キム・テヨン、チェ・ギュソクの両監督が共同演出した「1923関東大虐殺」は、日本がわい小化した当時の惨状と共に、日本政府の責任を確認しうる日本国内の資料を公開する。キム監督は、韓日近代写真収集家のチョン・ソンギルさんに見せられた1枚の写真、当時横浜に停泊していた英国海軍の軍人が撮った凄惨な虐殺写真を見て衝撃を受け、映画を企画した。
4年間、日本国内の歴史研究家と消し去られた歴史の痕跡を追跡する市民活動家たちを訪ね歩き、日本の防衛省に所蔵される軍の文献を閲覧することで、当時の資料を探し出した。研究者たちは、3・1運動などの朝鮮人の独立運動が大きくなったことで日本政府に生じた恐怖が、関東大震災後に事実上民間虐殺を誘導する政府発の流言飛語として発現したと証言する。映画は、地震直後に内務省の警保局長が各地方長官(知事)に対して送った「地震を利用し、朝鮮人は各所に放火し、不逞(ふてい)の目的を遂行せんとし」との電報を示す。うそをねつ造して民間人を扇動したのだ。
当時、朝鮮人を体系的にえり分けて生きたまま焼き殺すなど、虐殺現場を見た人々は日記に、軍人や警察官が現場にいたことを残してもいる。映画は公式資料、個人の日記、報告書、証言集などを探し出すとともに、当時の米国の新聞や政府の文書まで公開し、当時日本がどれほど組織的に朝鮮人を虐殺し真実を隠ぺいしてきたのかを検証する。15日公開。
今月7日に公開された「朝鮮人女工の歌」(イ・ウォンシク監督)は、これまであまり知られていなかった、日本で働いていた女工たちを扱った映画だ。1910年代から貧しい家族を食べさせるために、または親に従って大阪行きの船に乗った10~20代の女性たちが、つらい労働をしながら生活した紡織工場の記憶を追う。今は90歳を超えた証言者たちの証言とともに、映画は資料集などに残された女工たちの記憶を俳優たちが朗読するというやり方で当時を再現する。映画「帰郷」(2016)に出演した在日同胞4世のカン・ハナら、当時の女工と同年代の俳優たちが参加し、22人の声をスクリーンに載せている。
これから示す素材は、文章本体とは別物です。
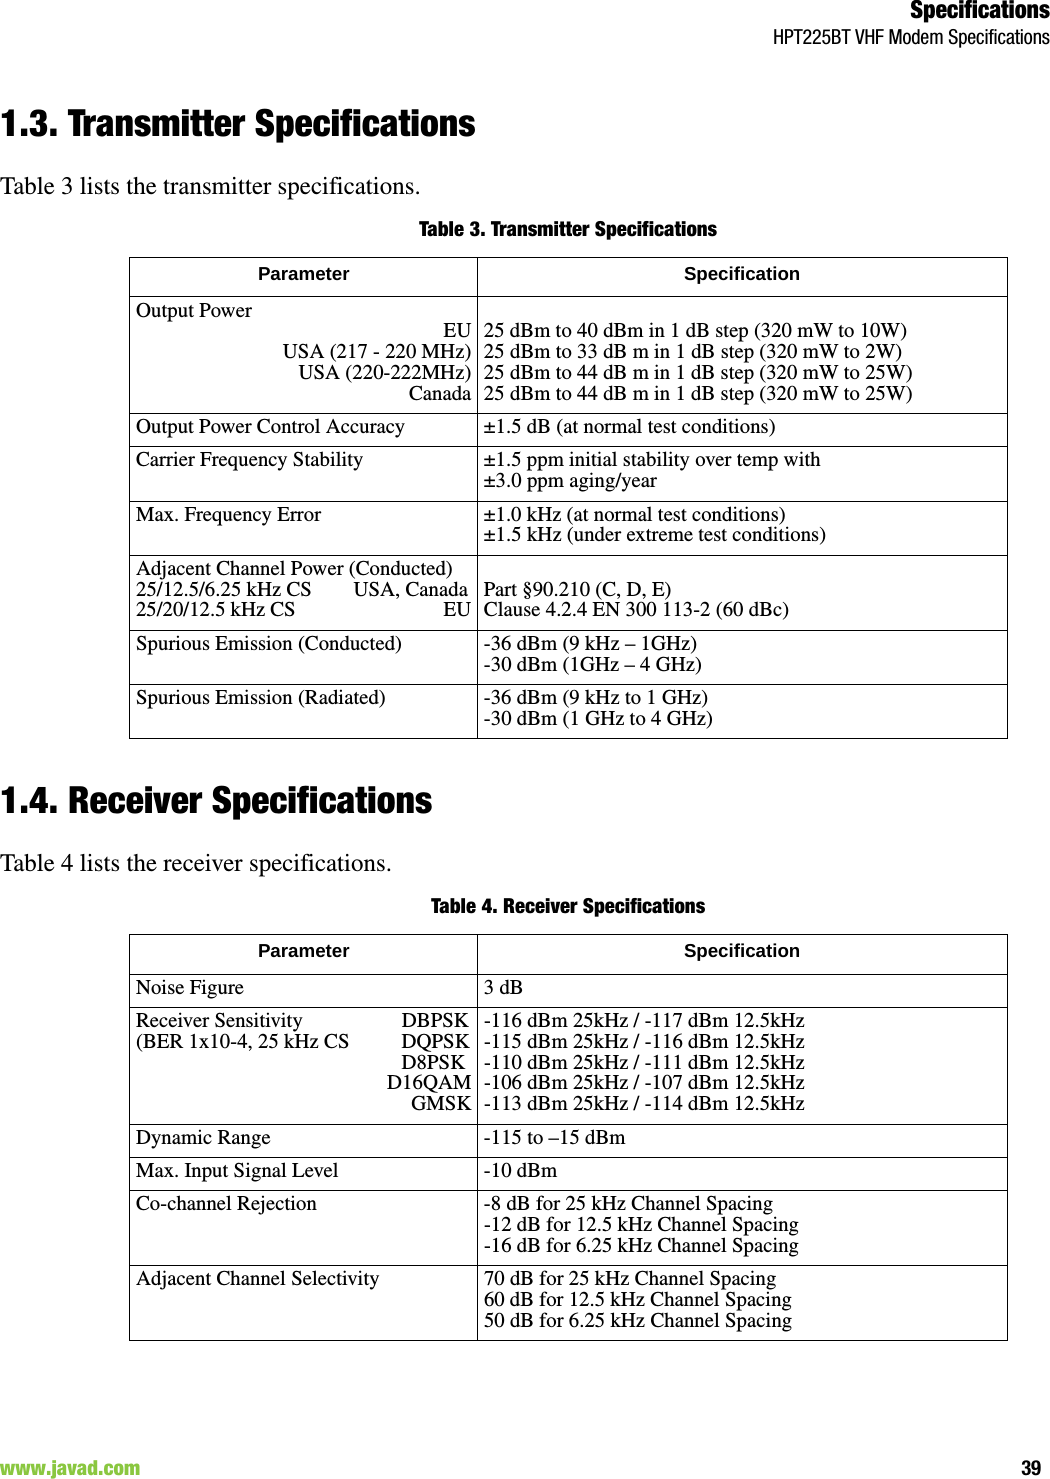 SpecificationsHPT225BT VHF Modem Specifications39www.javad.com                                                                                                                                                        1.3. Transmitter SpecificationsTable 3 lists the transmitter specifications.Table 3. Transmitter Specifications1.4. Receiver SpecificationsTable 4 lists the receiver specifications.Table 4. Receiver SpecificationsParameter SpecificationOutput Power                                        EUUSA (217 - 220 MHz)USA (220-222MHz)Canada25 dBm to 40 dBm in 1 dB step (320 mW to 10W)25 dBm to 33 dB m in 1 dB step (320 mW to 2W)25 dBm to 44 dB m in 1 dB step (320 mW to 25W)25 dBm to 44 dB m in 1 dB step (320 mW to 25W)Output Power Control Accuracy ±1.5 dB (at normal test conditions)Carrier Frequency Stability ±1.5 ppm initial stability over temp with±3.0 ppm aging/yearMax. Frequency Error ±1.0 kHz (at normal test conditions)±1.5 kHz (under extreme test conditions)Adjacent Channel Power (Conducted)25/12.5/6.25 kHz CS        USA, Canada25/20/12.5 kHz CS                              EUPart §90.210 (C, D, E)Clause 4.2.4 EN 300 113-2 (60 dBc)Spurious Emission (Conducted) -36 dBm (9 kHz – 1GHz) -30 dBm (1GHz – 4 GHz)Spurious Emission (Radiated) -36 dBm (9 kHz to 1 GHz)-30 dBm (1 GHz to 4 GHz)Parameter SpecificationNoise Figure 3 dBReceiver Sensitivity                   DBPSK(BER 1x10-4, 25 kHz CS          DQPSK                                                   D8PSKD16QAMGMSK-116 dBm 25kHz / -117 dBm 12.5kHz-115 dBm 25kHz / -116 dBm 12.5kHz-110 dBm 25kHz / -111 dBm 12.5kHz-106 dBm 25kHz / -107 dBm 12.5kHz-113 dBm 25kHz / -114 dBm 12.5kHzDynamic Range -115 to –15 dBmMax. Input Signal Level -10 dBmCo-channel Rejection -8 dB for 25 kHz Channel Spacing-12 dB for 12.5 kHz Channel Spacing-16 dB for 6.25 kHz Channel SpacingAdjacent Channel Selectivity 70 dB for 25 kHz Channel Spacing60 dB for 12.5 kHz Channel Spacing50 dB for 6.25 kHz Channel Spacing
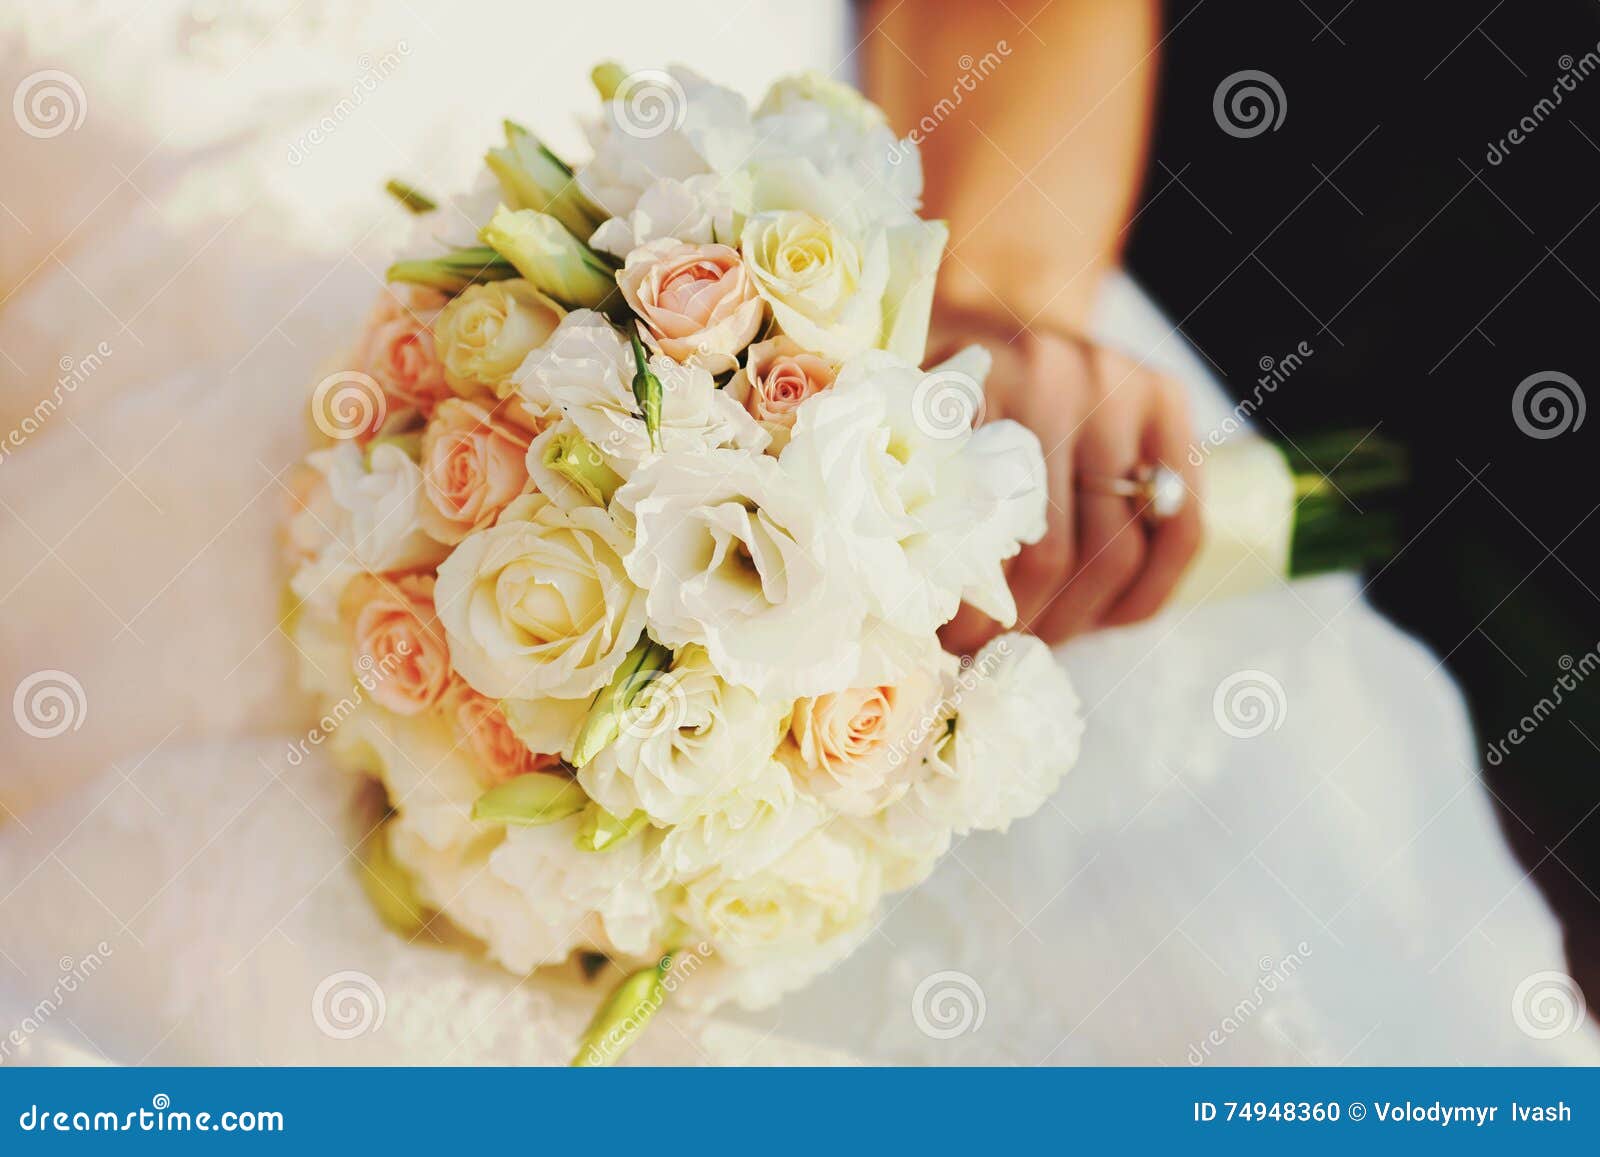 Bride S Hand Holds a Wedding Bouquet of White and Creamy Roses Stock ...

厳しい労働、非人間的な待遇、非衛生的な環境で苦しむ暮らしではあったものの、「朝鮮人女工の歌」は当時の女工たちを時代の犠牲者として描いてはいない。食べる物がなくて日本人が捨てた牛や豚の内臓を食べたため「ブタ」と嘲笑され、朝鮮人男性管理者たちの団体「相愛会」に二重に搾取され、不当な労働条件にストライキで立ち向かった朝鮮女工たちの強じんで主体的な生活は、日帝強占期の朝鮮女性を扱ったドキュメンタリーとして一歩先を行く成就を示すとともに、深い余韻を残す。